Pues bien, al principio todo parecía prometer un estupendo día de fiesta, y cuando llegamos ya había un montón de gente ya que las chicas brasileñas que viven con nosotros se despertaron a última hora y salimos más tarde de lo que queríamos. Pero justo fue llegar nosotros y buscar un sitio para ubicarnos cuando en una canoa y por el río venían un grupo de maoríes con trajes típicos, o sea un taparrabos y un trozo más de piel tapando algo más pero dejando ver todos los tatuajes que tienen por el cuerpo, y algún que otro por la cara. Llegaban remando y el jefe dirigía la embarcación con unos gritos graves, lo cual indicaba cuándo tenían que remar. Una vez que desembarcaron, todo el mundo empezó a migrar hacia otra parte cercana, donde empezaron a sentarse en el suelo alrededor de un escenario.
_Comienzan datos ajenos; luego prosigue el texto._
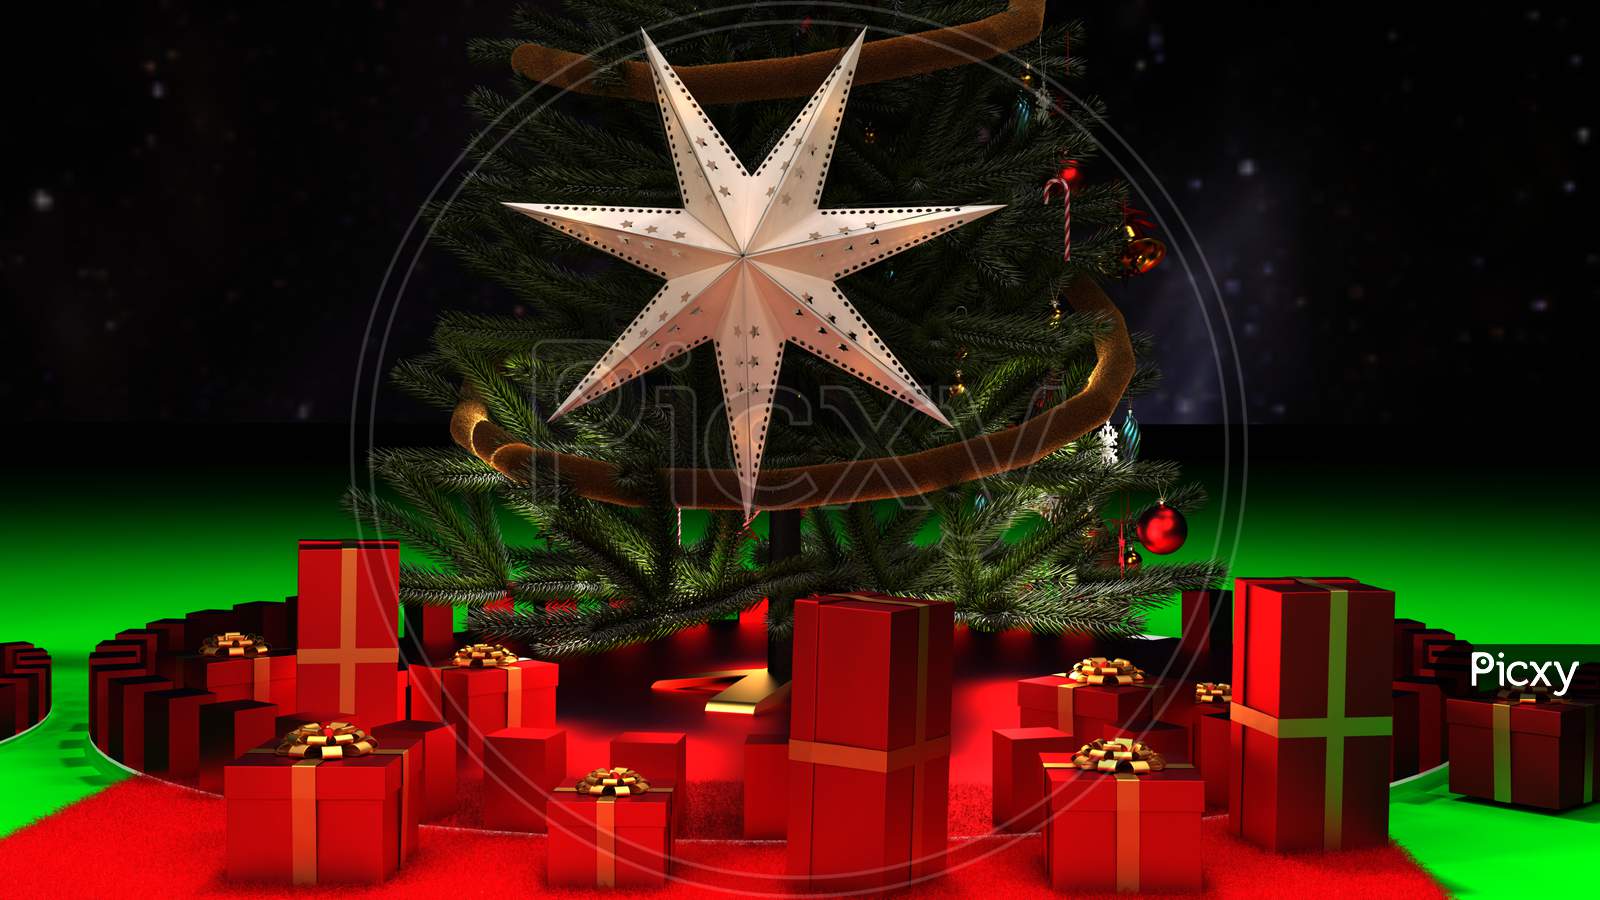 Christmas Decorative Tree With Star And Shiny Red Color Gift Boxes Binding By Gold Ribbon. 3D Render

Dicho escenario estaba ubicado dentro de un camión, jejeje imaginaros un camión articulado de dos ejes, jejeje no de los grandes sino mediano, subir la lona de una de las partes mas largas y voilá!!! Ese era el escenario. A mi parecer como si fuera muy improvisado, pero es que era así.

Bien, aquí empieza lo gracioso porque yo me imaginaba que esto sería una especie de show en los que los maoríes representarían varias canciones típicas, entre ellas las famosas "hakas", pero fue un poco distinto.

Pasaron por el camión varias personas hablando de la historia y de la importancia de este día para toda la kiwi people; después los que llegaron en barca, unos fornidos y temibles maoríes, representaron una pequeña haka y se fueron, y al irse la gente que estaba sentada empezó a levantarse y a deambular por la zona; hacia un sol de justicia y yo, aunque antes de salir de casa me había puesto mi protector solar en la carita, veía que eso era para largo y no me había traído el bote... Empecé a deambular yo también por los puestos de comida, de casetas con diccionarios en maorí, y poca cosa más. Fuimos por la comida al coche y allí, entre toda la gente sentada en el césped, nosotros plantamos cuatro sillones de éstos de pesca, nuestro mantel puesto y zampando sándwiches y pastel a diestro y siniestro.

Por el escenario iban pasando personas que me imagino que eran del pueblo, uno tocando un instrumento chino, otras bailando, otra cantando y un largo etc... Hasta que llegó otra vez lo que yo estaba esperando ya con ansiedad, pues lo que estaba viendo era más que aburrido... Llegaron los Maoríes!!! Pero, muy a mi pesar, ya no fueron los mismos que vinieron en la barca, sino unos preadolescentes pubescentes que intentaron enseñarnos a bailar la haka paso a paso. Lo hicimos como 20 veces, lo juro, lo tengo todo grabado en video y por fin todo terminó!

Bien, bien!!! Dije yo cuando nos metimos ya en el coche para volver a casita, pues tenía la cabeza ya un poco tocada de tanto sol, pero como soy un machote yo ni me quejaba, jejeje. A mitad de camino a la Superabuelita se le ocurrió otra idea, pero eso es otra historia, y para que no se haga superlargo esto vamos a separar las cosillas.

Besos a todos que como dicen por aquí son gratis!